Print exactly and only the lines that run from the one containing "Встраиваемая посудомоечная машина Midea MID60S130i" through the end of the material, please, omitting pictures.

GIVEN DATA →
=== Begin Enclosure ===

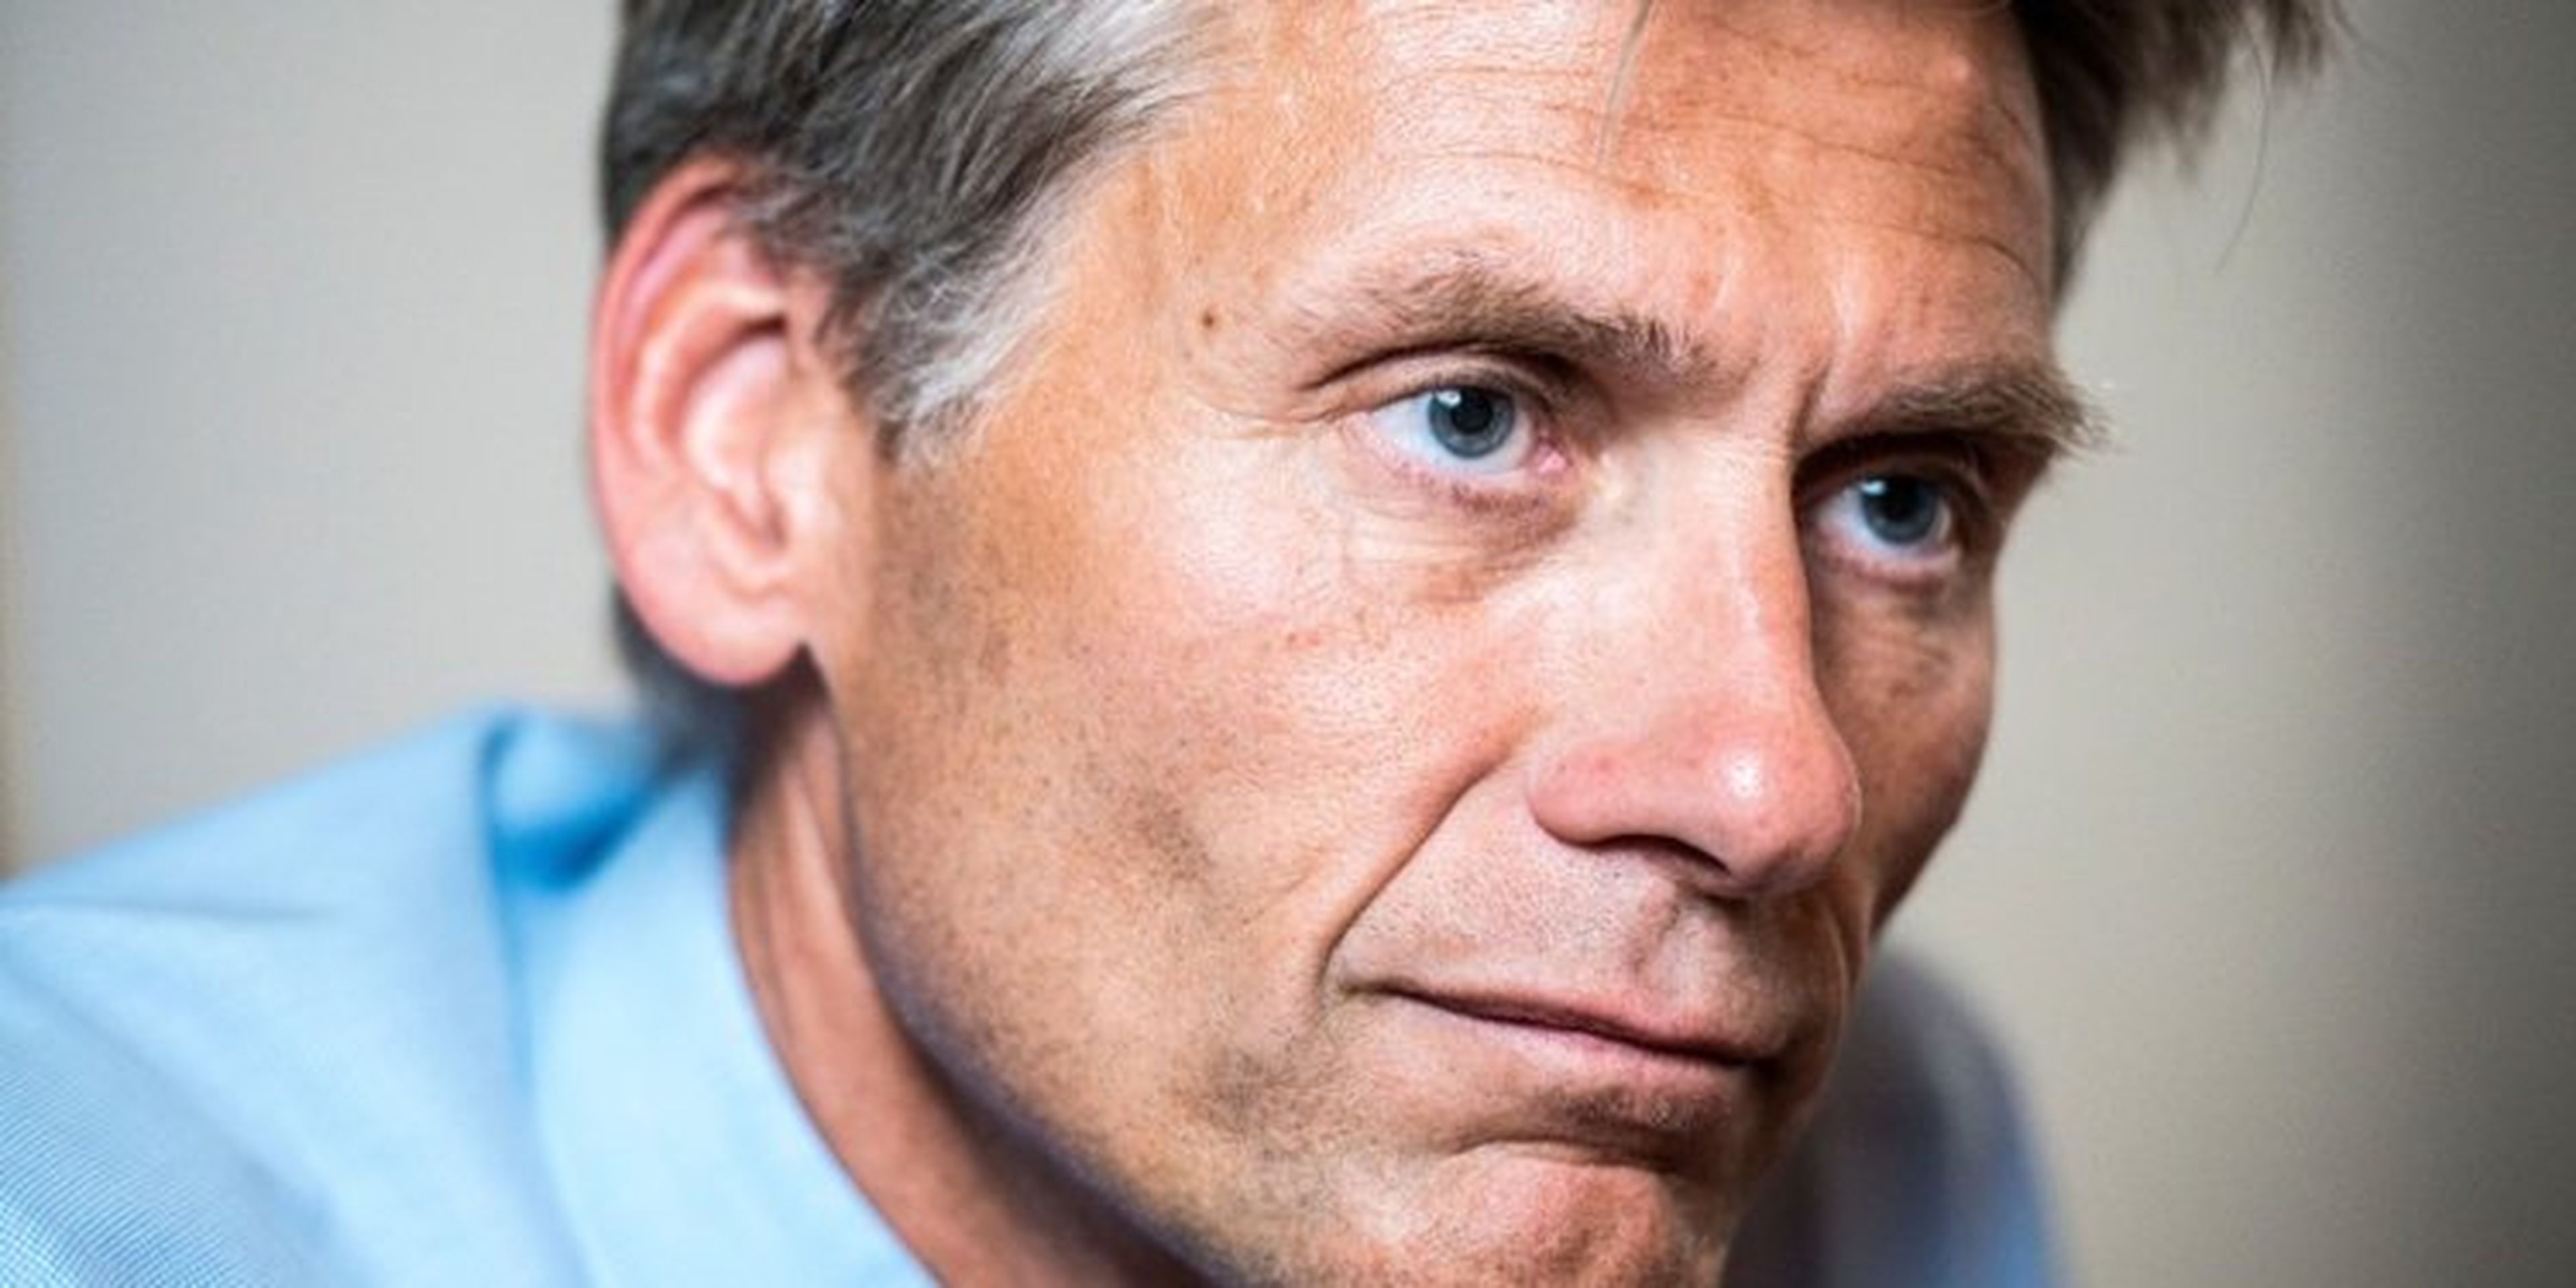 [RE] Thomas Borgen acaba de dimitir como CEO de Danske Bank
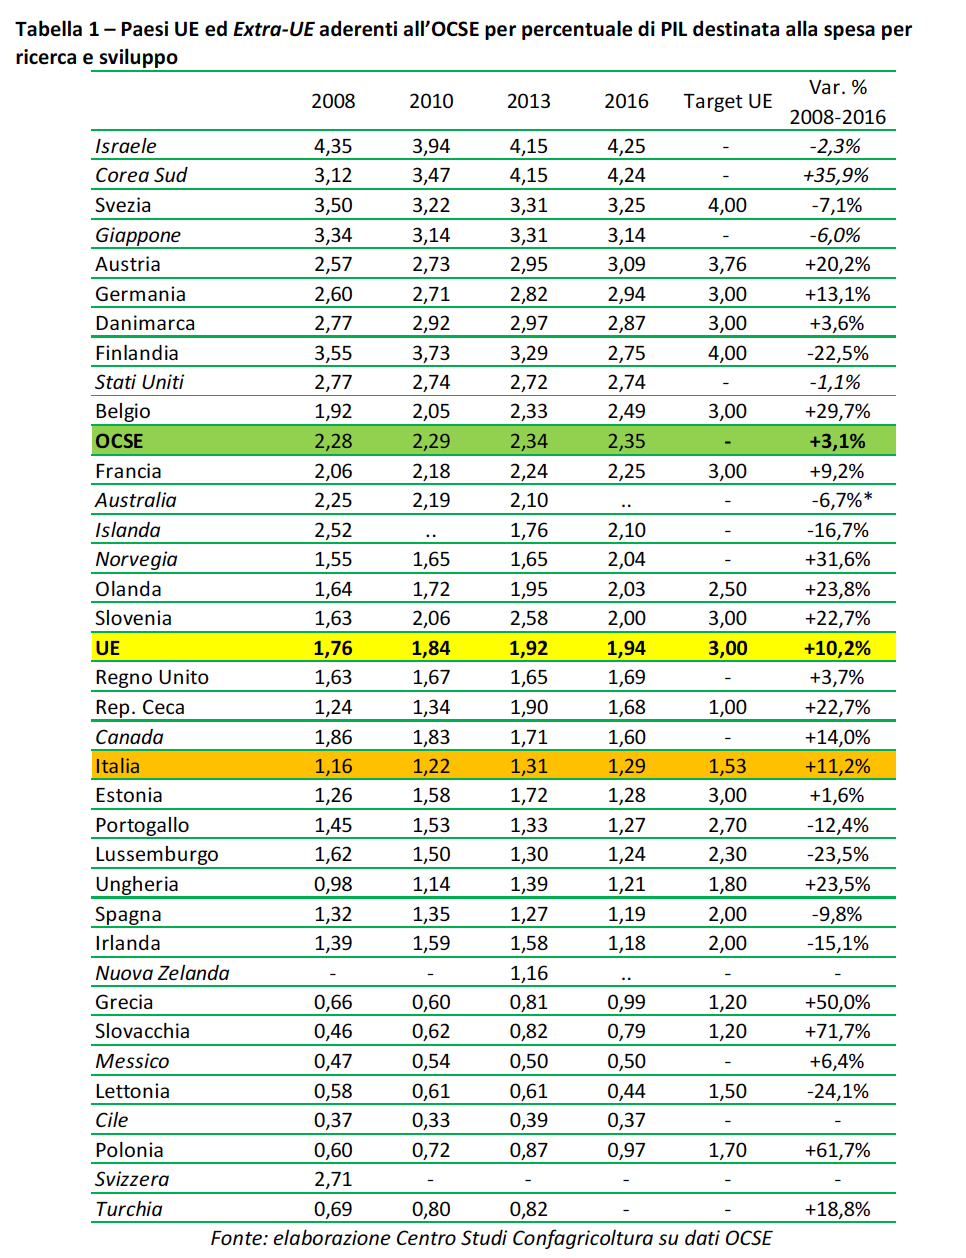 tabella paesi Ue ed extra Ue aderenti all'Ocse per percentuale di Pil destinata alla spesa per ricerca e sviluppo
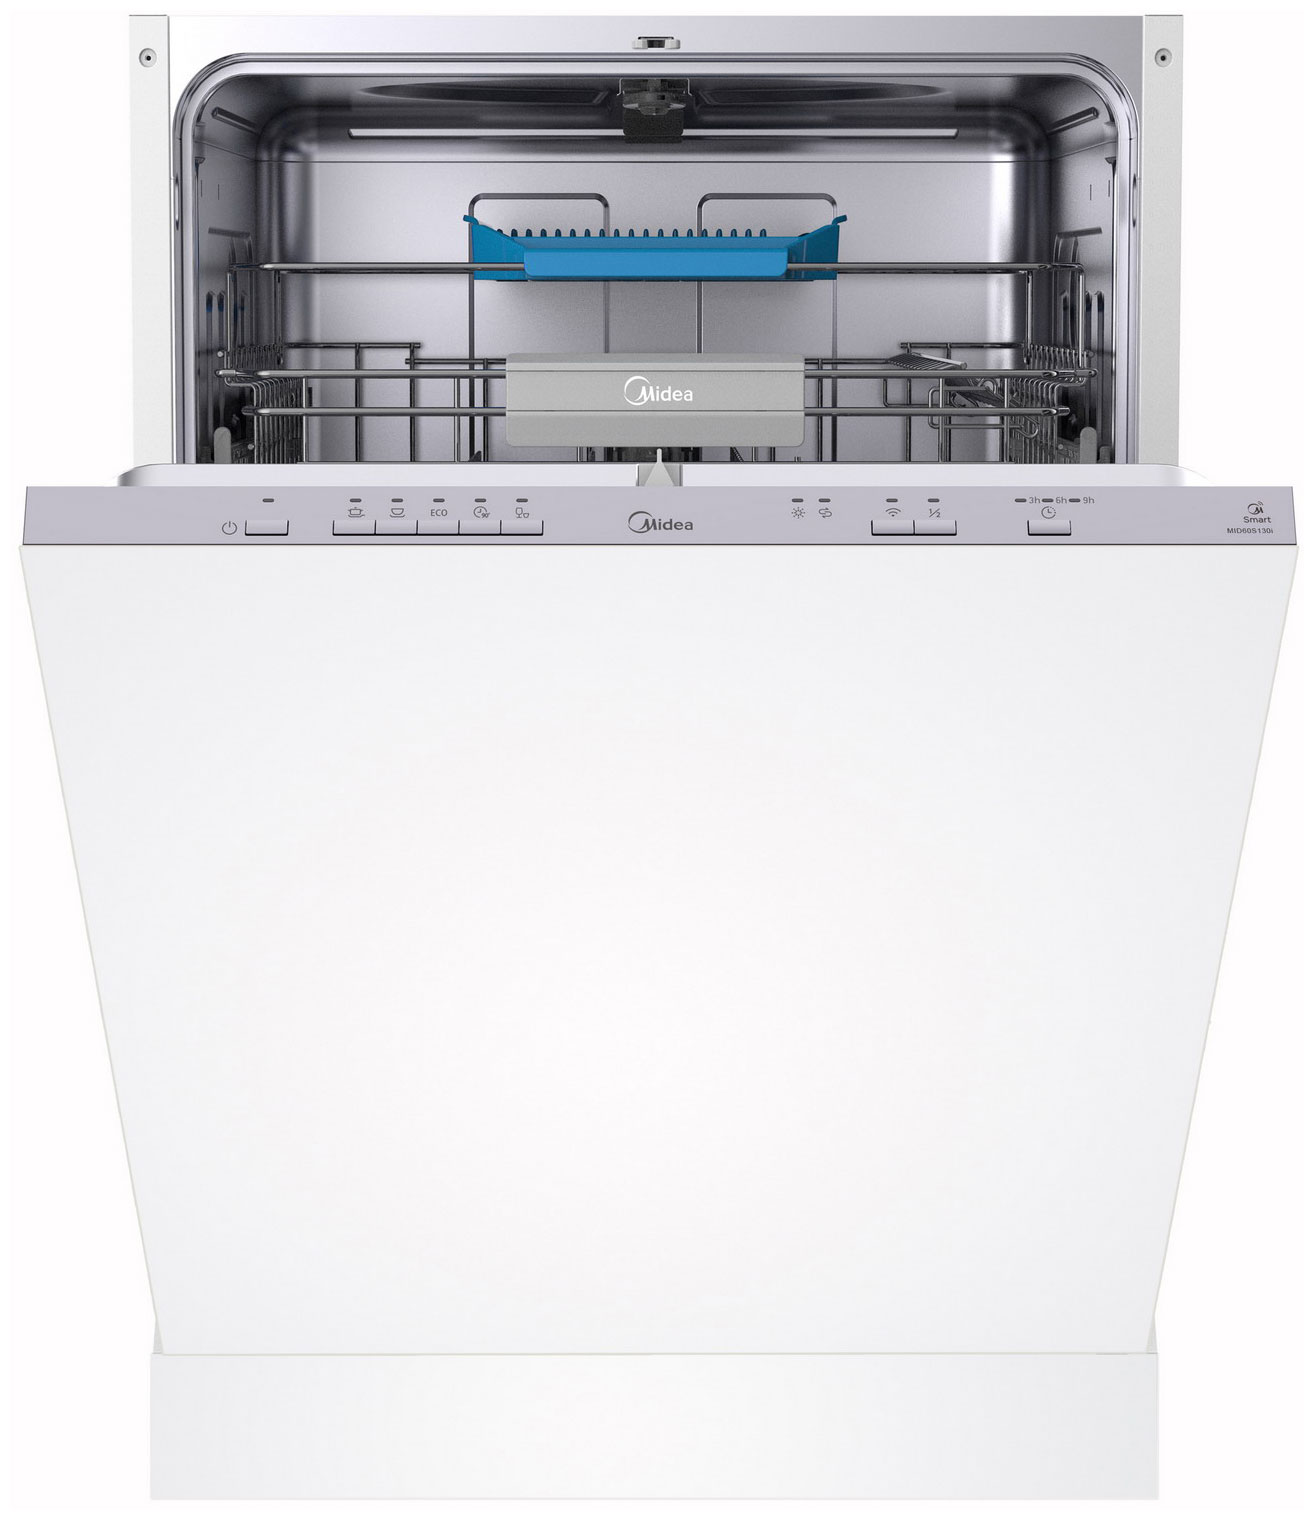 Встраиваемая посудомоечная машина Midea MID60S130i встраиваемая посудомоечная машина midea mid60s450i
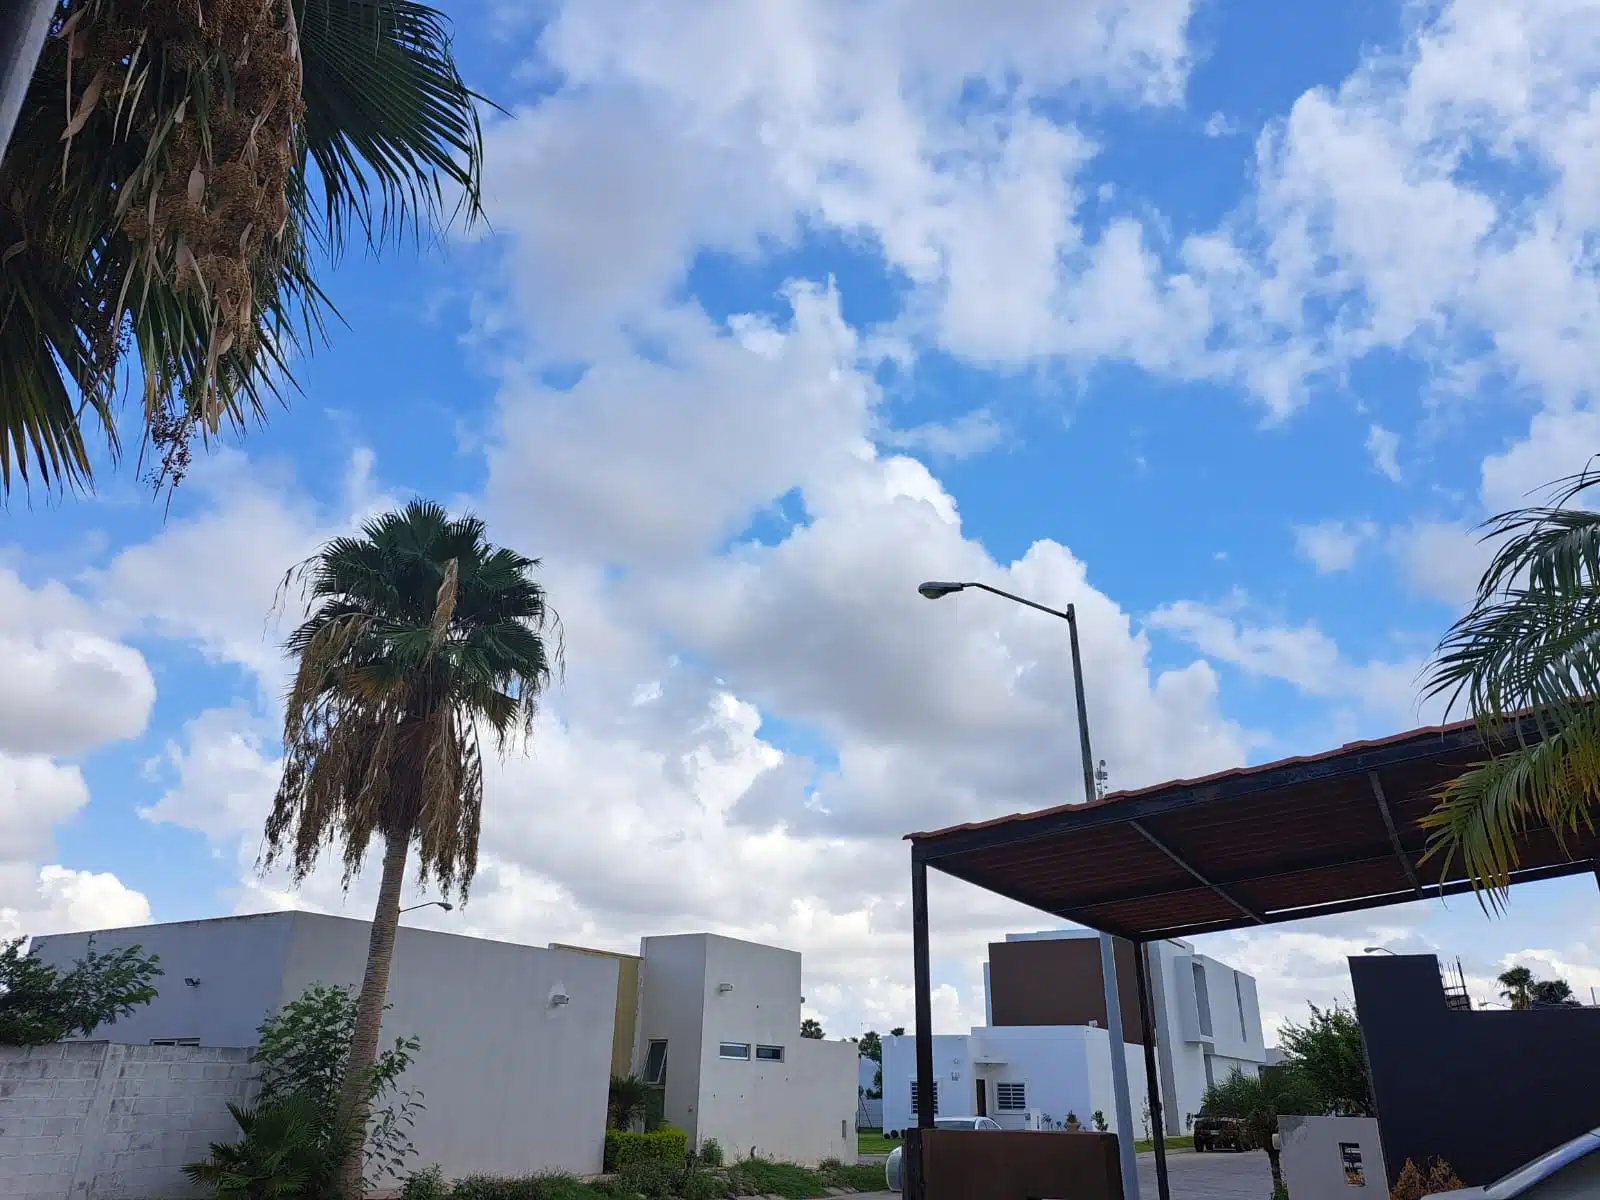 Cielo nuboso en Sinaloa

=== End Enclosure ===

RESPONSE TO THIS TASK →
 Встраиваемая посудомоечная машина Midea MID60S130i встраиваемая посудомоечная машина midea mid60s450i
 Cielo nuboso en Sinaloa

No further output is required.